Multiple myeloma (MM) is the second most common hematologic malignancy in economically developed countries, and despite improvements in therapy, the disease essentially remains incurable. The aetiology of MM is poorly understood; however, the two- to four-fold increased risk of MM in relatives of patients has provided evidence for an inherited basis [1]. Direct evidence for inherited genetic susceptibility is provided by genome-wide association studies (GWAS), which have so far discovered 23 genomic regions harbouring risk variants for MM [2].

Consistent with findings from many different cancer GWAS, bar a few notable exceptions, the functional variants and target susceptibility genes at the MM risk regions are yet to be identified. Knowledge of the causal genes responsible for defining disease predisposition is important in furthering our understanding of MM tumorigenesis and has the potential to inform the development of novel therapeutic strategies [3]. While most GWAS risk variants map to non-coding regions of the genome, they are enriched for variants correlated with gene expression levels [4, 5]. Exploiting this characteristic, the integration of GWAS signals with expression quantitative trait loci (eQTLs) has implicated ELL2 and CDCA7L as the risk genes likely to be responsible for the 5q15 and 7p15.3 MM associations, respectively [6,7,8,9]. The high frequency of eQTLs coupled with linkage disequilibrium (LD) across regions can, however, make disentangling the risk genes from spurious co-localization at the same region problematic.

Transcriptome-wide association studies (TWAS) have been proposed as a strategy to identify risk genes underlying complex traits [10]. This approach imputes genetic data from GWAS using reference sets of weights generated from eQTL data, before correlating this genetic component of gene expression with the phenotype of interest.
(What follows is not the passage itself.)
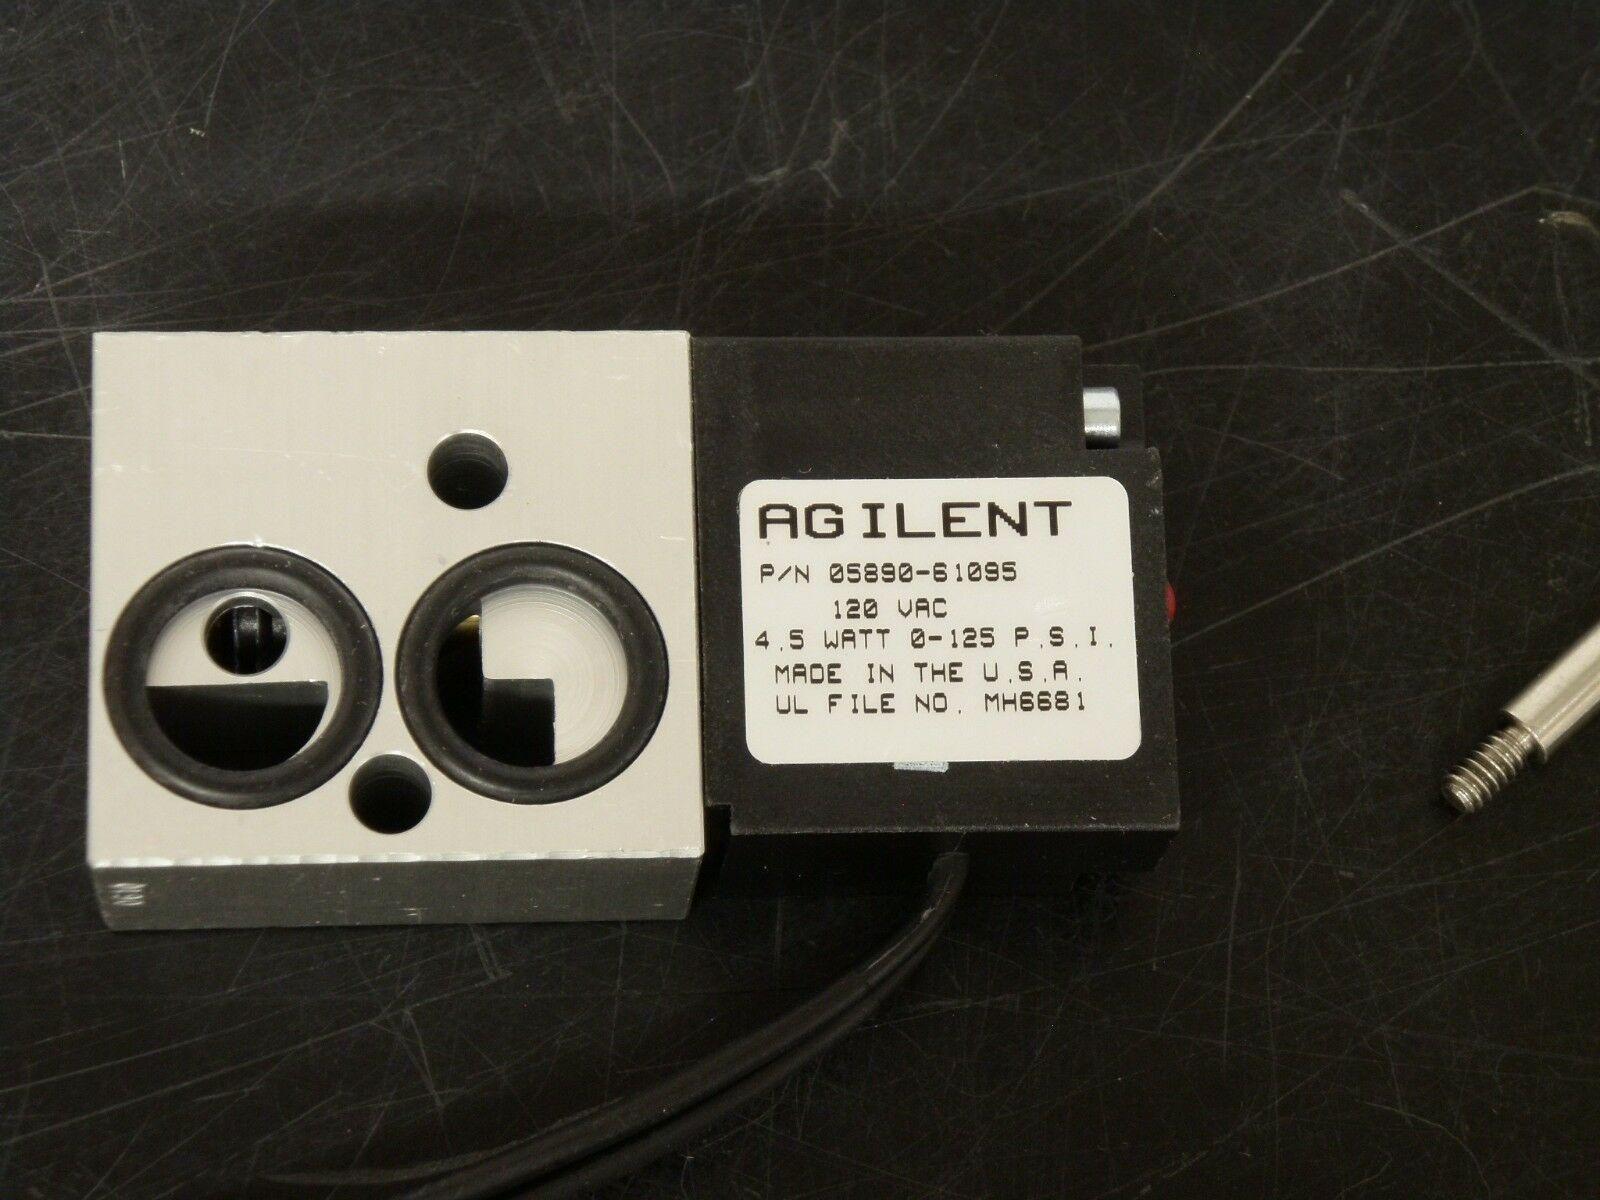 Agilent  Four-way Solenoid Valve, 115 V AC, PN: 05890-61095
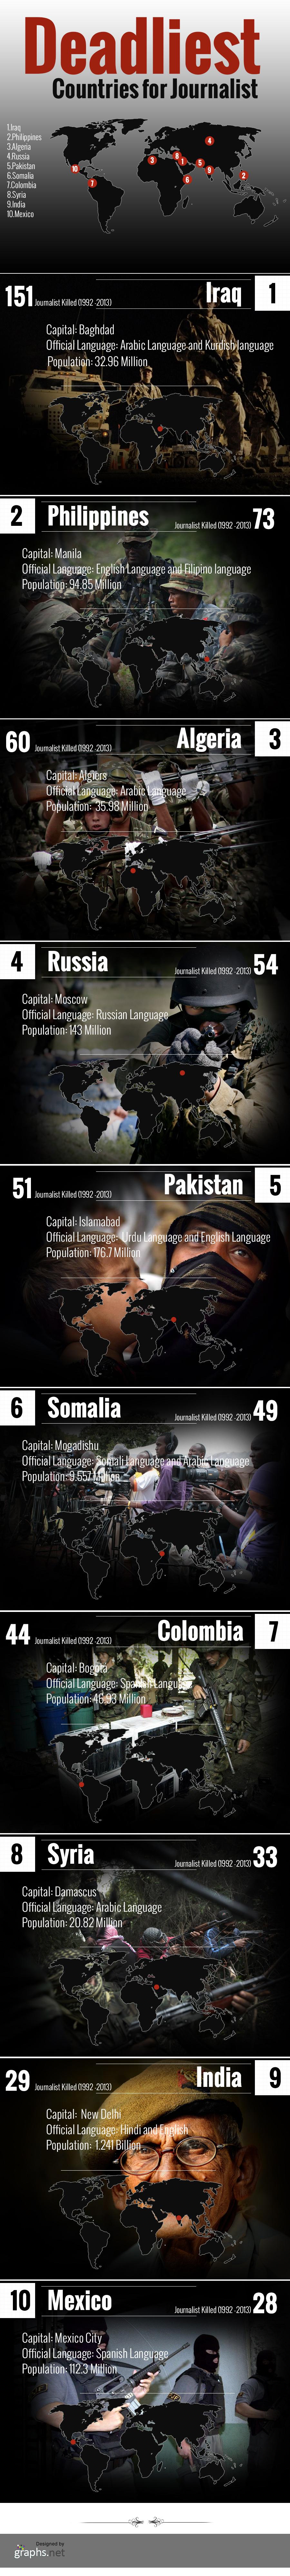 Deadliest Countries for Journalist

Since TWAS aggregates the effects of multiple variants into a single testing unit, and facilitates prioritisation of genes at known risk regions for functional validation, it potentially also affords increased study power to identify new risk regions.

While MM is caused by the clonal expansion of malignant plasma cells, if a TWAS is to be based on expression data from a single cell deciding on the most appropriate source is inherently problematic [11]. Utilising eQTL data from tumours is complicated by copy number alterations and essentially represents terminal stage in disease progression. Moreover, the effect of any risk allele may be acting at the level of the tumour micro-environment [12]. Studies have shown that eQTLs strongly enriched in GWAS signals are not necessarily specific to the eQTL discovery tissue [5]. Taking advantage of this principle allows a multi-tissue TWAS to be conducted integrating expression across multiple tissues, thereby leveraging information on shared eQTLs for candidate gene discovery [13].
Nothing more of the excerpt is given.